Un’ulteriore azione di drenaggio, in particolare a livello renale, viene svolta dal gemmoderivato di Fagus sylvatica, il faggio.
In questo senso, il gemmoderivato di faggio viene indicato nei casi di insufficienza renale, litiasi renali e sovrappeso da ritenzione idrica.
Il faggio si rivela inoltre un gemmoderivato importante nella stagione primaverile, periodo spesso legato alle allergie. Ciò è dovuto alla sua capacità di frenare la produzione di istamina.

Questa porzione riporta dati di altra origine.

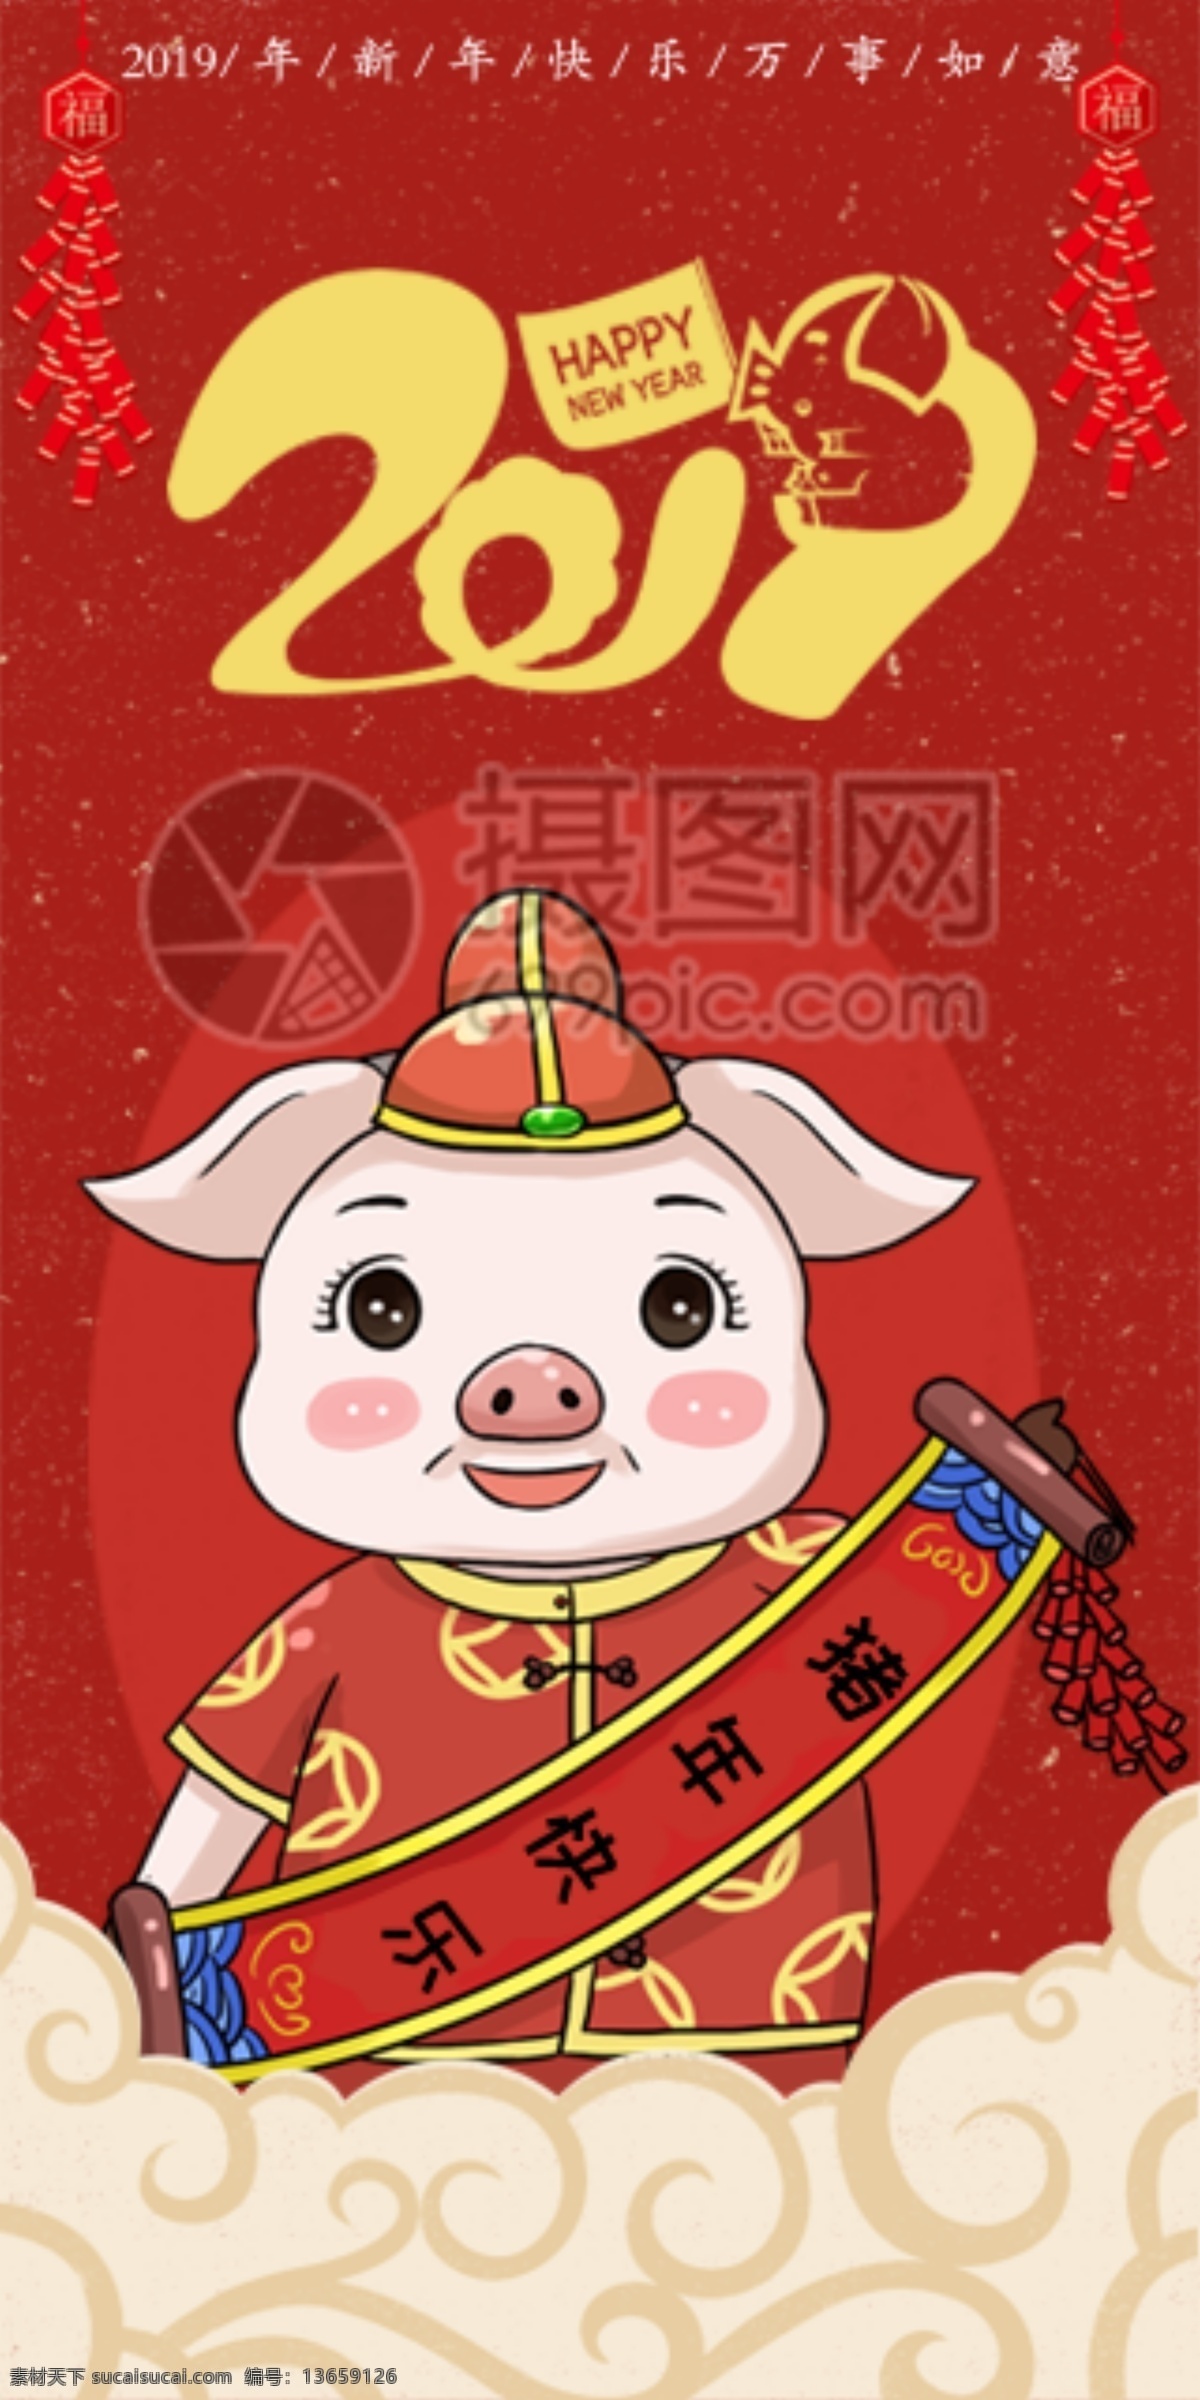 2019 猪年 快乐 新春 卡通 红包 猪年红包 新春红包 红包素材 红包设计 新年红 新年红包 猪年快乐 卡通红包

Può quindi essere utile in fase allergica acuta, soprattutto in associazione con Ribes nigrum.
In relazione ai fenomeni allergici è possibile richiamare ancora una volta il rosmarino, per le sue potenzialità legate all’organo epatico. Tra chi soffre di allergie, infatti, sono frequenti problematiche a livello del fegato. Il rosmarino, quindi, non è solo un rimedio “del fegato” in senso stretto, ma può essere considerato anche un supporto nei casi di allergia diventata condizione cronica.